На этот раз с ним спорить никто не стал.
Партийная этика
Фрол Козлов, второй секретарь ЦК, то есть второй человек в государстве после Хрущева, наткнулся однажды в цековском коридоре на давнего своего однокашника — Попова. Когда-то, в юности, они то ли в школе вместе учились, то ли в техникуме, то ли в каком-то училище. Попов тоже преуспел в жизни, хоть и не так, как Фрол: он стал министром культуры РСФСР. Вот и оказался в ЦК по каким-то своим министерским делам.
— А ты как тут? — удивился Козлов.
— Я, Фрол Романыч, министр культуры РСФСР, — не без гордости объяснил Попов.
— Да ну?.. Молодец!..
Поговорили. Вспомнили молодость. Расчувствовавшийся Фрол сказал:
— А у меня завтра день рождения. Юбилей. Приезжай, приглашаю!
Попов был на седьмом небе. Назавтра они с женой весь день провели в поисках подарка для знатного именинника. Купили какой-то неимоверно дорогой сервиз и вечером отправились в гости к юбиляру.

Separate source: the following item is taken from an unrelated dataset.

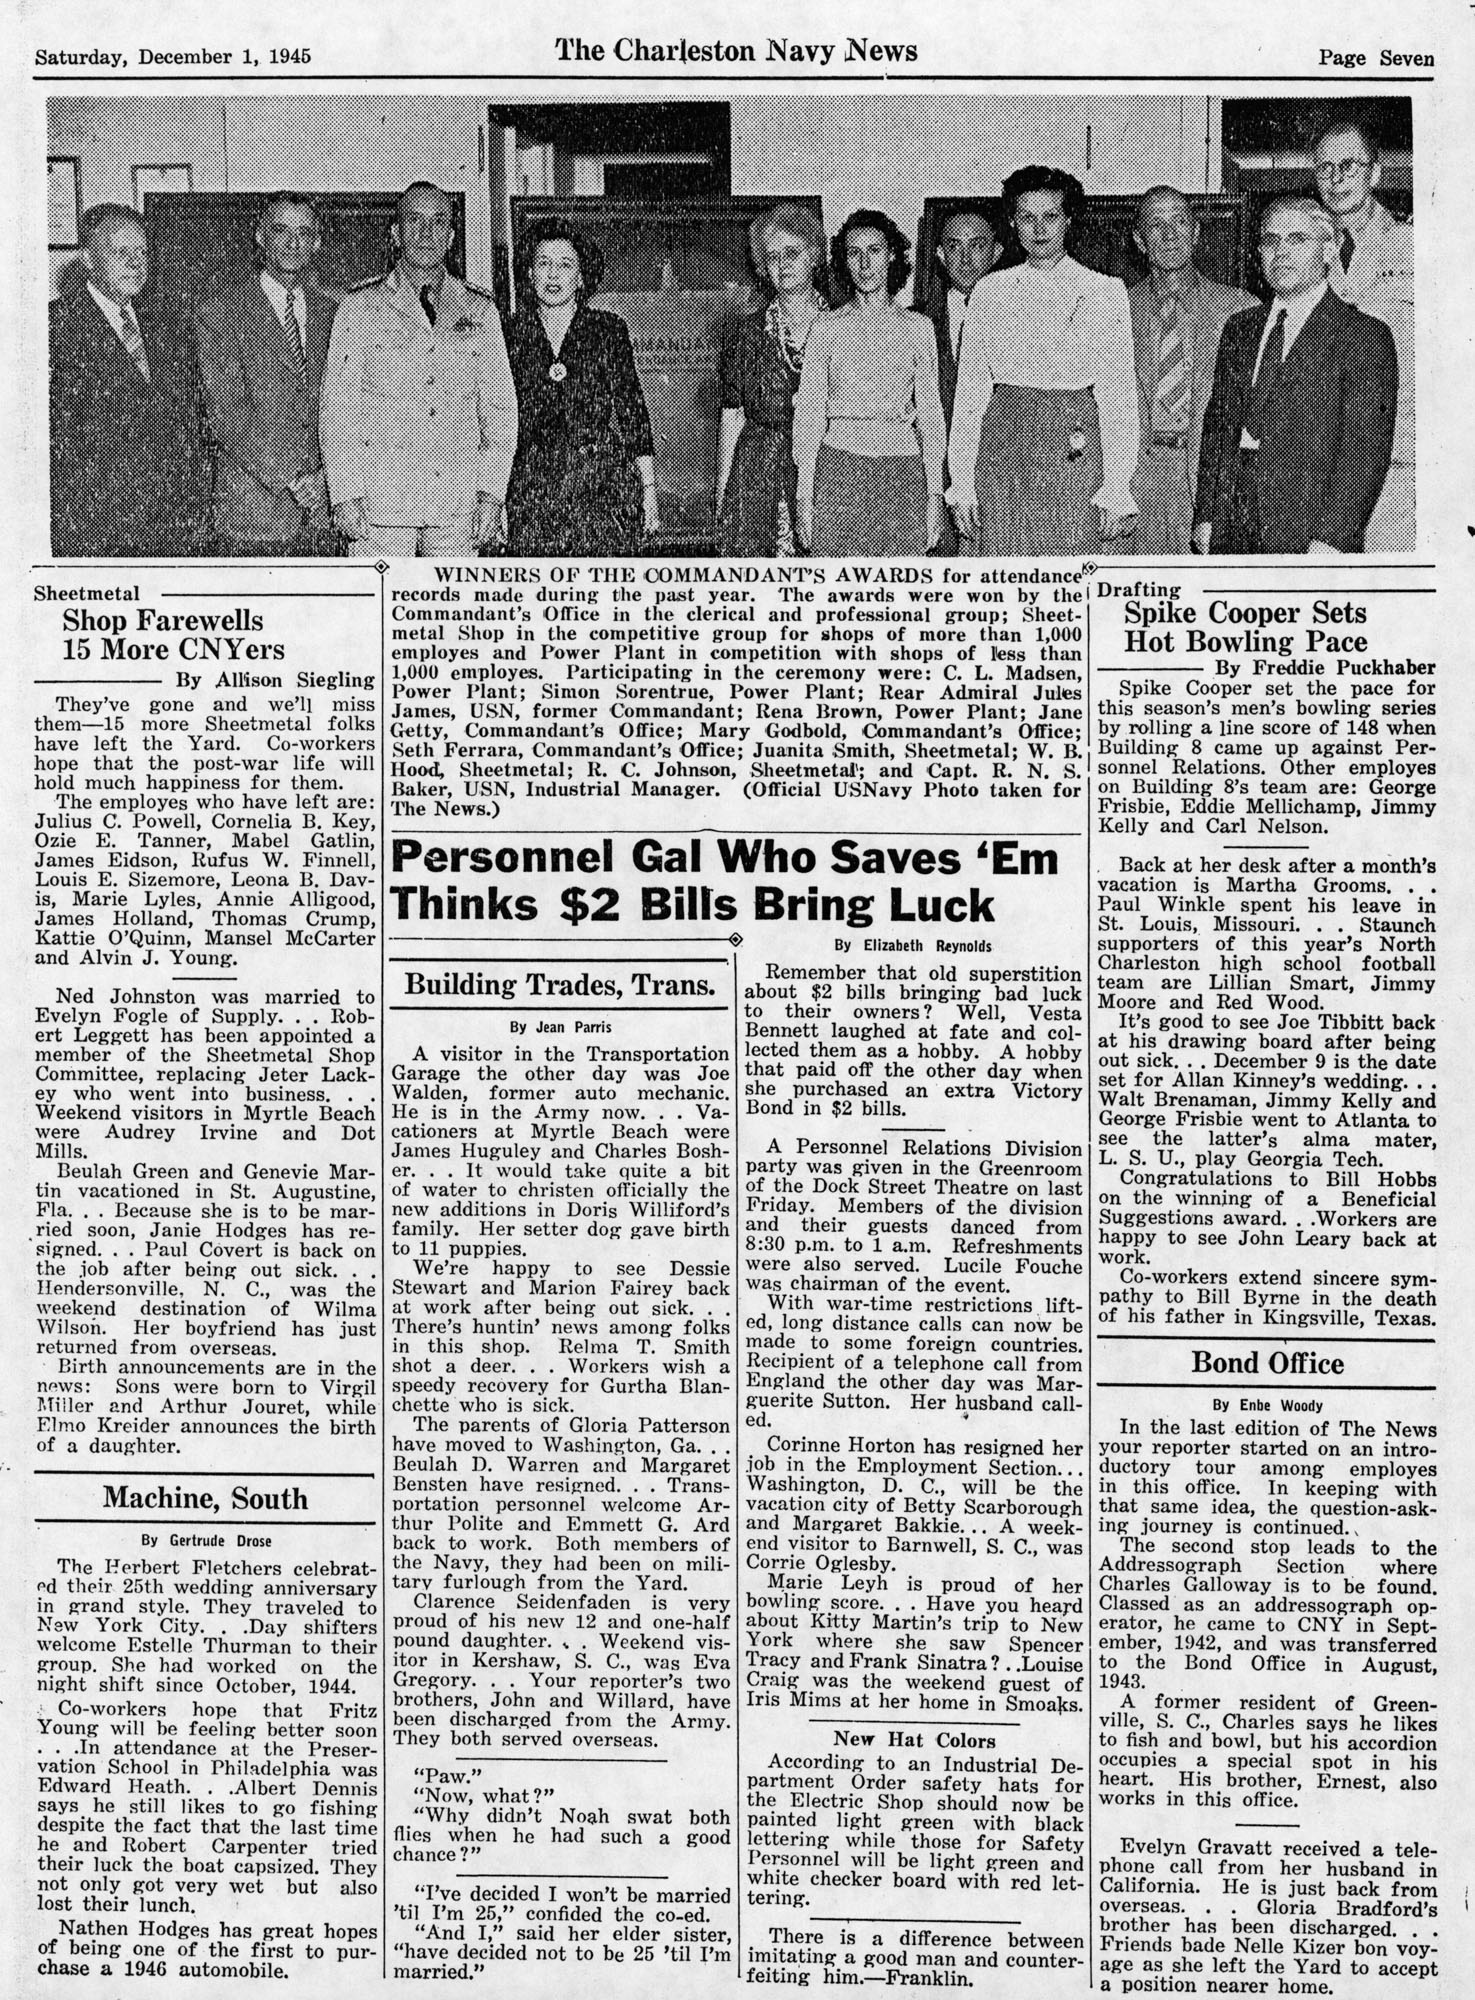 The Charleston Navy News, Volume 4, Edition 11, page vii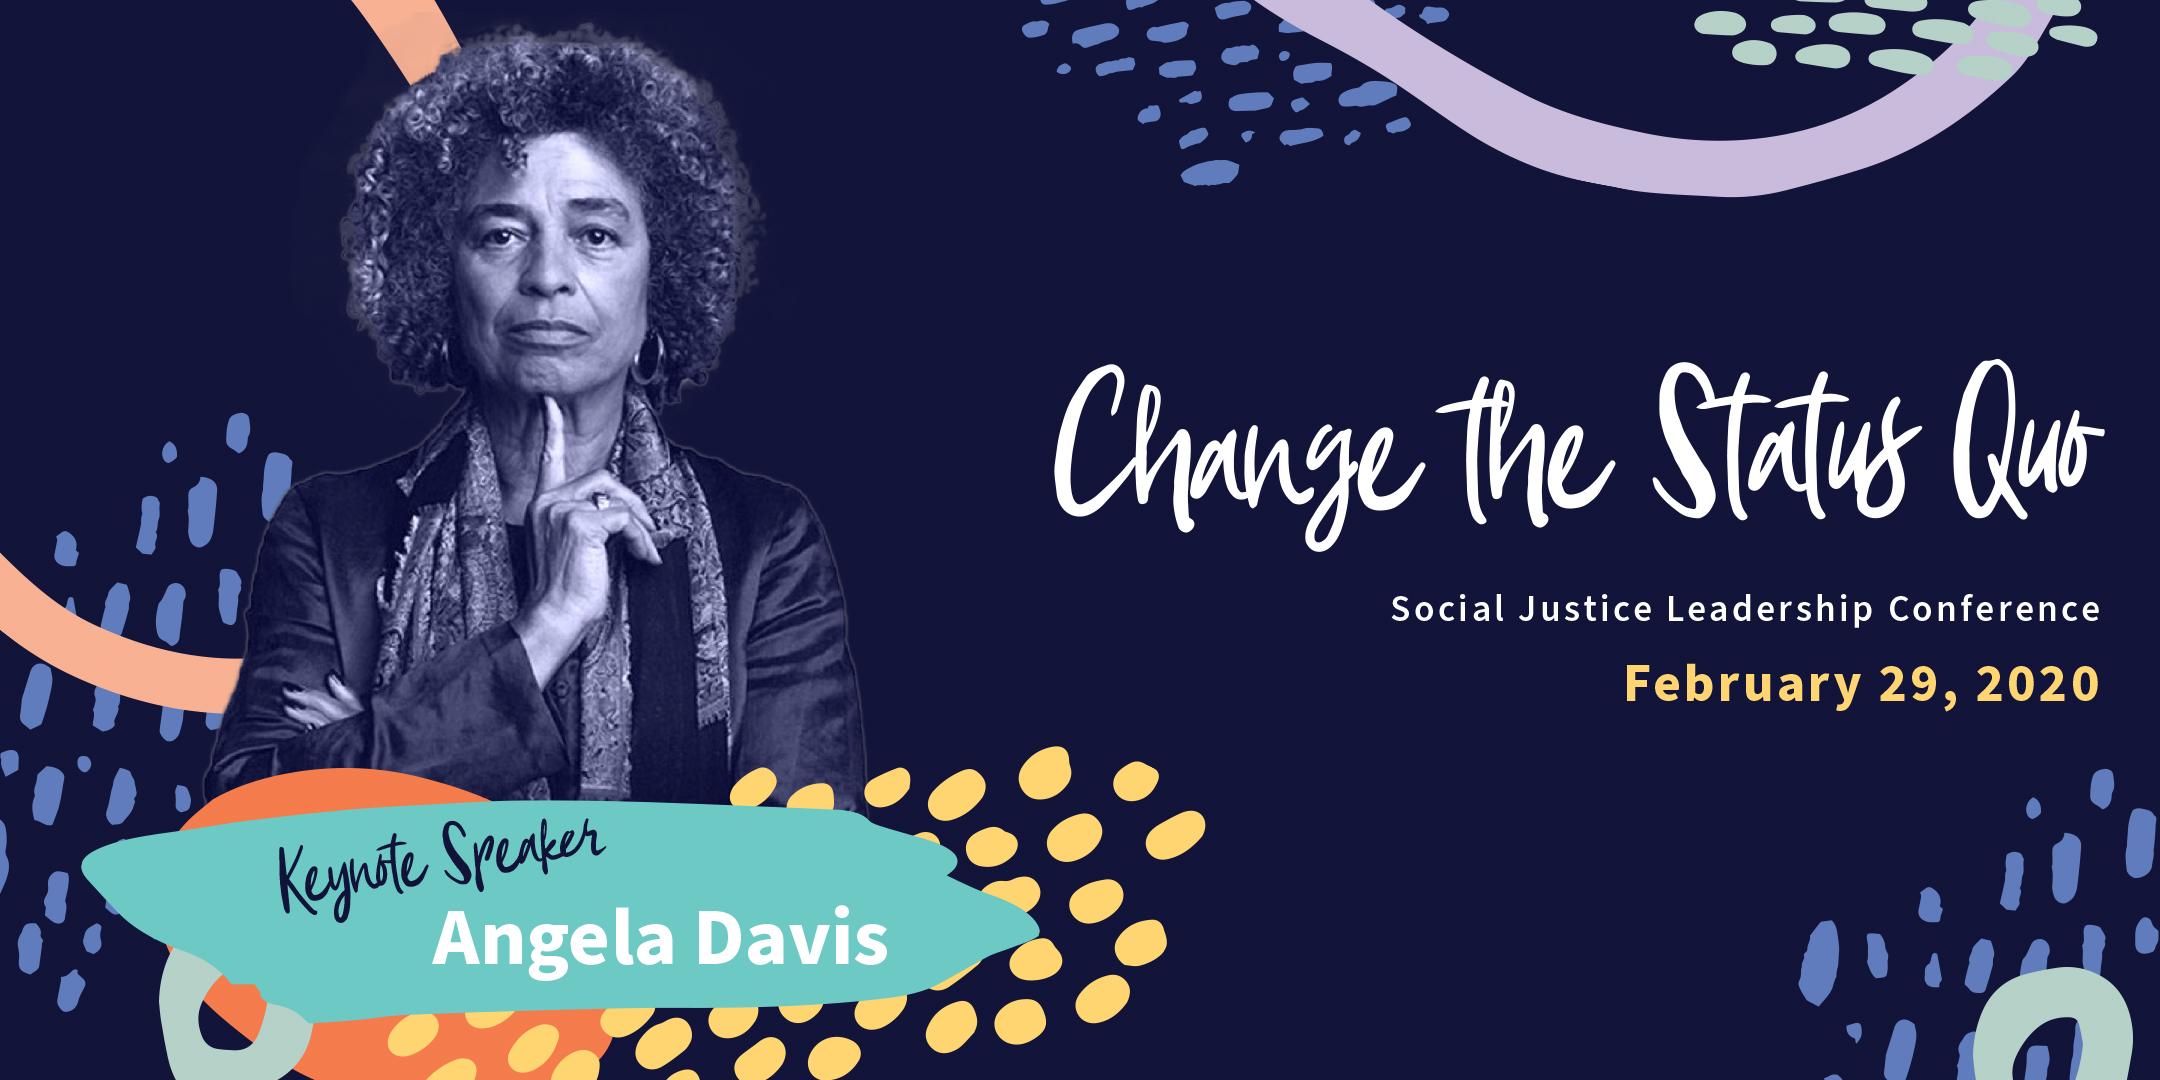 Social Justice Leadership Conference featuring Keynote Speaker Angela Davis

На дальних подступах к Козловской даче их задержал специальный пост. Попов объяснил, что едут они, хоть и по устному, но личному приглашению самого Фрола Романовича. Их пропустили.
Каким-то образом удалось прорваться и сквозь второй пост. Но у самой дачи их все-таки задержали и дальше — ни в какую. Без специального пропуска, говорят, пропустить не можем. Не имеем права.
— Как же так! — горячился министр. — Меня сам Фрол Романыч… Лично…
Он был так настойчив и так убедителен, что ему пошли навстречу: согласились выяснить этот вопрос у самого Фрола Романовича. И Фрол Романович — лично — к нему вышел.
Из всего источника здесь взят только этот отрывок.